[](#cross-english--german-roberta-for-sentence-embeddings)Cross English & German RoBERTa for Sentence Embeddings
================================================================================================================

This model is intended to [compute sentence (text) embeddings](https://www.sbert.net/examples/applications/computing-embeddings/README.html) for English and German text. These embeddings can then be compared with [cosine-similarity](https://en.wikipedia.org/wiki/Cosine_similarity) to find sentences with a similar semantic meaning. For example this can be useful for [semantic textual similarity](https://www.sbert.net/docs/usage/semantic_textual_similarity.html), [semantic search](https://www.sbert.net/docs/usage/semantic_search.html), or [paraphrase mining](https://www.sbert.net/docs/usage/paraphrase_mining.html). To do this you have to use the [Sentence Transformers Python framework](https://github.com/UKPLab/sentence-transformers).

The speciality of this model is that it also works cross-lingually. Regardless of the language, the sentences are translated into very similar vectors according to their semantics. This means that you can, for example, enter a search in German and find results according to the semantics in German and also in English.
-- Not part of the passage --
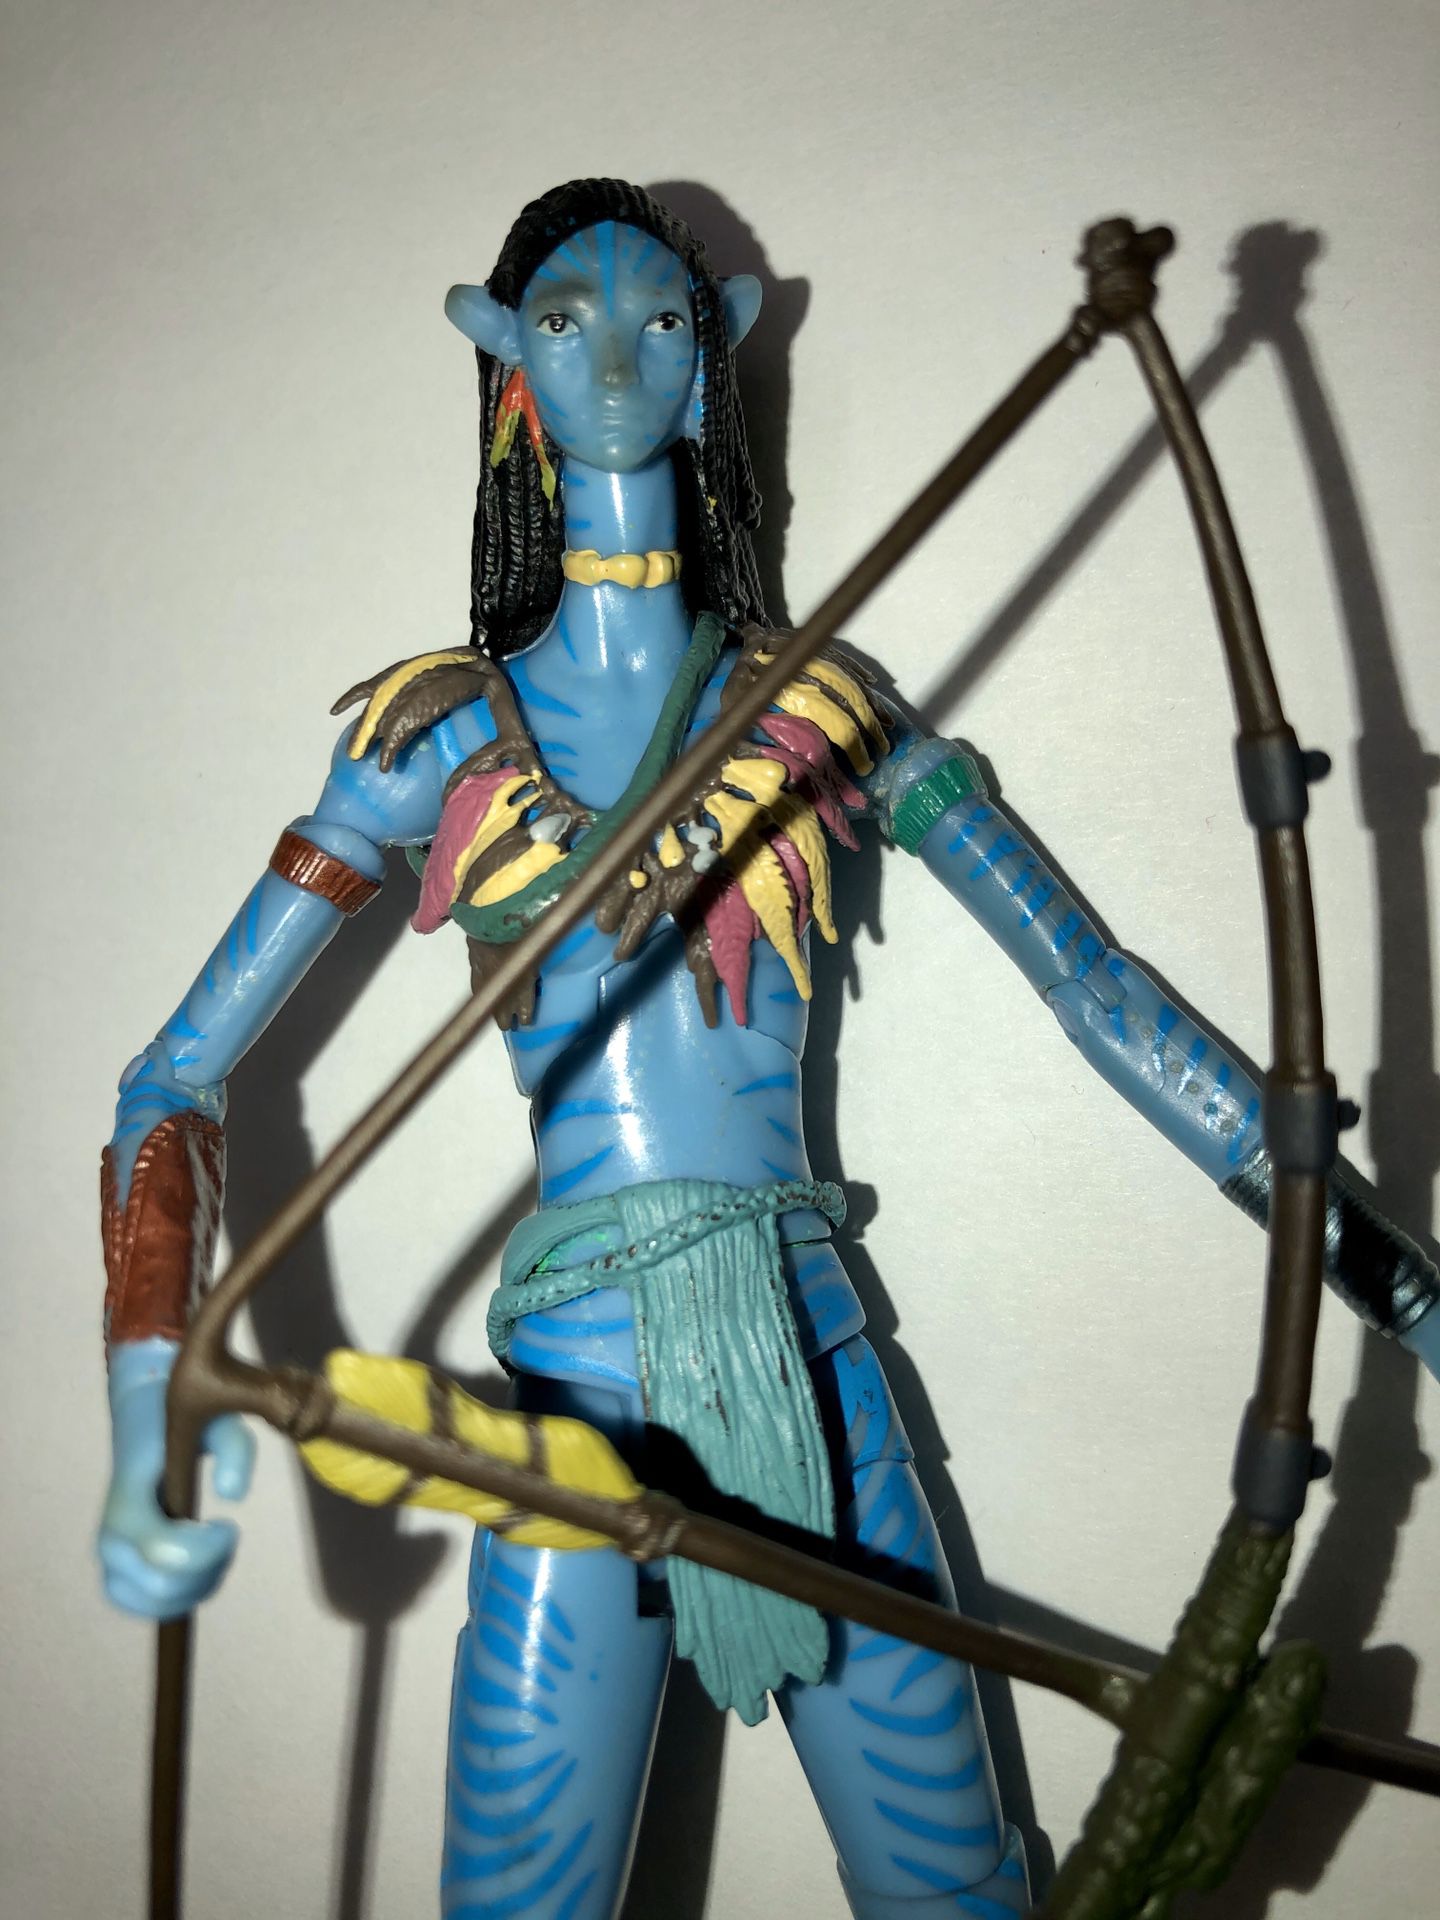 Avatar Movie “Neytiri” Action Figure 7 inch

Using a xlm model and _multilingual finetuning with language-crossing_ we reach performance that even exceeds the best current dedicated English large model (see Evaluation section below).

> Sentence-BERT (SBERT) is a modification of the pretrained BERT network that use siamese and triplet network structures to derive semantically meaningful sentence embeddings that can be compared using cosine-similarity. This reduces the effort for finding the most similar pair from 65hours with BERT / RoBERTa to about 5 seconds with SBERT, while maintaining the accuracy from BERT.

Source: [Sentence-BERT: Sentence Embeddings using Siamese BERT-Networks](https://arxiv.org/abs/1908.10084)

This model is fine-tuned from [Philip May](https://may.la/) and open-sourced by [T-Systems-onsite](https://www.t-systems-onsite.de/). Special thanks to [Nils Reimers](https://www.nils-reimers.de/) for your awesome open-source work, the Sentence Transformers, the models and your help on GitHub.

[](#how-to-use)How to use
-------------------------

To use this model install the `sentence-transformers` package (see here: [https://github.com/UKPLab/sentence-transformers](https://github.com/UKPLab/sentence-transformers)).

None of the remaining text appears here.